■ **About this exercise**
In the records below, find every line that contains "conjunto" and list it.

[Records from a collection]
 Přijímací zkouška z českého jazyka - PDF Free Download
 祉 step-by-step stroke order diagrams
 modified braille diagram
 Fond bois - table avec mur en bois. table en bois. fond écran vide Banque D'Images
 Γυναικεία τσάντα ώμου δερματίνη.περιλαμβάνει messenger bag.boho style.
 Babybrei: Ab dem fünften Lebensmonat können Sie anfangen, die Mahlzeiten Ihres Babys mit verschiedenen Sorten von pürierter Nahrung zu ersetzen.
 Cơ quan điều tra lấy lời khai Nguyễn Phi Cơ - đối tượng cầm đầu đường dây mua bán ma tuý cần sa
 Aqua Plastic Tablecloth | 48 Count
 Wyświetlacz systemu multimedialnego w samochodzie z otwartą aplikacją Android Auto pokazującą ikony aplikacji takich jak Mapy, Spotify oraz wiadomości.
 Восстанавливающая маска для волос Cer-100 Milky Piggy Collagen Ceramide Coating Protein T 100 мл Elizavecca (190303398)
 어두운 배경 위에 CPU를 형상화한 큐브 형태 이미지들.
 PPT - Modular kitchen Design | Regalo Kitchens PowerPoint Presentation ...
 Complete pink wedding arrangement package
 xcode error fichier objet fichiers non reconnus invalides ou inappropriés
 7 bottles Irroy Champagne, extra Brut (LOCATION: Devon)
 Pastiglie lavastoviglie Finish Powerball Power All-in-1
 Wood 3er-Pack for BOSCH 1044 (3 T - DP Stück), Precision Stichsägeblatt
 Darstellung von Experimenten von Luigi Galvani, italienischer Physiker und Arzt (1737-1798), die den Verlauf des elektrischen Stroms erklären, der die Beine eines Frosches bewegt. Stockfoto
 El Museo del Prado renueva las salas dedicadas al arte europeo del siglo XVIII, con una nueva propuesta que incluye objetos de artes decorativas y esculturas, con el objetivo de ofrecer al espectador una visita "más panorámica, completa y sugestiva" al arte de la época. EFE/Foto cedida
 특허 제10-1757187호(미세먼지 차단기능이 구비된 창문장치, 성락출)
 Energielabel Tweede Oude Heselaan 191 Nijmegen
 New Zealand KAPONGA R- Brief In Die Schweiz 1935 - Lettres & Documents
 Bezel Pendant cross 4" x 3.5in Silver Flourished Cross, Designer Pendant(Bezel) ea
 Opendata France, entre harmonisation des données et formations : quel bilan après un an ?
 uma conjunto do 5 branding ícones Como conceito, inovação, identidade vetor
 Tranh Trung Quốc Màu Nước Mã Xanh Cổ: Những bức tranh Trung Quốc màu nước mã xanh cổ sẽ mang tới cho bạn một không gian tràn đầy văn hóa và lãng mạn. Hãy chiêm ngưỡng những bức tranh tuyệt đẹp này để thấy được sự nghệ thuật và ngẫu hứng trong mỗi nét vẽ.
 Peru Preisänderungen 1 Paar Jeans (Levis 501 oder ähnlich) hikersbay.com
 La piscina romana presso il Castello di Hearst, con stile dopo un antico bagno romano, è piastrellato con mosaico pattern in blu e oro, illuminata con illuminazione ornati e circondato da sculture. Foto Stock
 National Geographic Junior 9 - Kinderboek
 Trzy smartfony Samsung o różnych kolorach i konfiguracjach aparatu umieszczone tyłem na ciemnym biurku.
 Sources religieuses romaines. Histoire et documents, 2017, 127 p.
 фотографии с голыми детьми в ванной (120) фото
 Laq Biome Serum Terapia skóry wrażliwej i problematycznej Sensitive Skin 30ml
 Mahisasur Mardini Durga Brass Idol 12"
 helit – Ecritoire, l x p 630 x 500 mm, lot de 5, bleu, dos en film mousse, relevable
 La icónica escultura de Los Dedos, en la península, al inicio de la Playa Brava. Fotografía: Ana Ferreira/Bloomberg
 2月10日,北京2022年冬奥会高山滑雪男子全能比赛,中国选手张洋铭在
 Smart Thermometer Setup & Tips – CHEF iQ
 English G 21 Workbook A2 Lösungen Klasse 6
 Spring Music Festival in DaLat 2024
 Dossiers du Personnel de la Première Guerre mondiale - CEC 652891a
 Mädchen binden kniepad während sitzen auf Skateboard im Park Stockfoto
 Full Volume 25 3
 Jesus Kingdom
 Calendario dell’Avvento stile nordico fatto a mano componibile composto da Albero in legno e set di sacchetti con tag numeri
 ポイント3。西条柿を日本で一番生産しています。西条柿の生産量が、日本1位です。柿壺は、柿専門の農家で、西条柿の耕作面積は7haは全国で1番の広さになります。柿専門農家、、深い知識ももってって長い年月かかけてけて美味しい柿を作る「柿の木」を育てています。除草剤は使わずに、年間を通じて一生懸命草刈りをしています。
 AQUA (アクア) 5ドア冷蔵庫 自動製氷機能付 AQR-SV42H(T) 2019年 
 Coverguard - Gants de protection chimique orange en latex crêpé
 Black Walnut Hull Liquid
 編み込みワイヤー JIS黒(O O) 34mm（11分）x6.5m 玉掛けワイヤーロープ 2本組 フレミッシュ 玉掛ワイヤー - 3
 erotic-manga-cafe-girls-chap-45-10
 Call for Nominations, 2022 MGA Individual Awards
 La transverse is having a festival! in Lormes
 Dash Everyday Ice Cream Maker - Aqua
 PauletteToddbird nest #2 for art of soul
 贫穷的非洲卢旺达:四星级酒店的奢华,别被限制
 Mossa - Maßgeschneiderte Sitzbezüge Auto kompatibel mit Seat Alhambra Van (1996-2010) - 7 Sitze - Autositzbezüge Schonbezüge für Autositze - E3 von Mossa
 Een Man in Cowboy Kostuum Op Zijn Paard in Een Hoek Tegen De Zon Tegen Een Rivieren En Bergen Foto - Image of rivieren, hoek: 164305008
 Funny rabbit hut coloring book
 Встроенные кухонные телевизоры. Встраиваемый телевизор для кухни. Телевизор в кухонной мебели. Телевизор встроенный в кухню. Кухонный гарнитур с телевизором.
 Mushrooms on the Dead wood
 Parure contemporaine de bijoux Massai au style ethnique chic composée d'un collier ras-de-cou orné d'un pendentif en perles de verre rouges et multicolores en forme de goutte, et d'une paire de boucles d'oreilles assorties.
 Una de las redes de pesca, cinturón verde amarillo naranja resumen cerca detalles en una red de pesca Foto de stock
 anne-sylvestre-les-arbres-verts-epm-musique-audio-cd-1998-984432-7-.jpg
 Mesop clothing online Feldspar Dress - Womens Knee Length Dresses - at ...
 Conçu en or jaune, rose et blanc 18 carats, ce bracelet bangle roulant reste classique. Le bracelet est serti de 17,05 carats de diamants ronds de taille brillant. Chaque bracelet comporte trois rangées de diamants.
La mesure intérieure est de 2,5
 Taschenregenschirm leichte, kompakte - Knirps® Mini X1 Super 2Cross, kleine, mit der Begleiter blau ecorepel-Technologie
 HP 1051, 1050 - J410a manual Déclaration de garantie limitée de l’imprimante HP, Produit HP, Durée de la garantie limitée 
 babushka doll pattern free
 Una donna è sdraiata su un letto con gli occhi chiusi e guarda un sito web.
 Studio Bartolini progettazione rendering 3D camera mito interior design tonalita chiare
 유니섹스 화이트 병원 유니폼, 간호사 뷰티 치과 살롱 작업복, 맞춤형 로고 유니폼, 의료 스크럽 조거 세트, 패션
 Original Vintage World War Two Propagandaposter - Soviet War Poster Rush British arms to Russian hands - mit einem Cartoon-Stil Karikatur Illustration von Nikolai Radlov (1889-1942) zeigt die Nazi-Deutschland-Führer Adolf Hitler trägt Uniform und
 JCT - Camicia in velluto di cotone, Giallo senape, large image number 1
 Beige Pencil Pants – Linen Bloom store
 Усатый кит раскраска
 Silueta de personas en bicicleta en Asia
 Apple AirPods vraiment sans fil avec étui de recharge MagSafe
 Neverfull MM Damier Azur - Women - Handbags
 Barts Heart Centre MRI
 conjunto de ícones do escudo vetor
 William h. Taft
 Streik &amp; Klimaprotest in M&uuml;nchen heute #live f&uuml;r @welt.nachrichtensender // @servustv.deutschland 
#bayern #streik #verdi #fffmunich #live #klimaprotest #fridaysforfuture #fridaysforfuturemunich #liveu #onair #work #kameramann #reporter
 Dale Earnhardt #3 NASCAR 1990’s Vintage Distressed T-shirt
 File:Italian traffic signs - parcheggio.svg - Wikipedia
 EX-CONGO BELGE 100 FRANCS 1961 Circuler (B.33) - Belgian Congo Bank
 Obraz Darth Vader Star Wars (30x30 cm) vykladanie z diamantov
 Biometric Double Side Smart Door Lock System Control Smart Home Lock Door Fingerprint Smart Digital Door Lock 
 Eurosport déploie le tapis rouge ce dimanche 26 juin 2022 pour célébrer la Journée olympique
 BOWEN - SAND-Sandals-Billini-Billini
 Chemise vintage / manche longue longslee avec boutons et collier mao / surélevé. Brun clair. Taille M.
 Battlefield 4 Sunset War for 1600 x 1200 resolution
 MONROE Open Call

■ **Completed task**
 uma conjunto do 5 branding ícones Como conceito, inovação, identidade vetor
 conjunto de ícones do escudo vetor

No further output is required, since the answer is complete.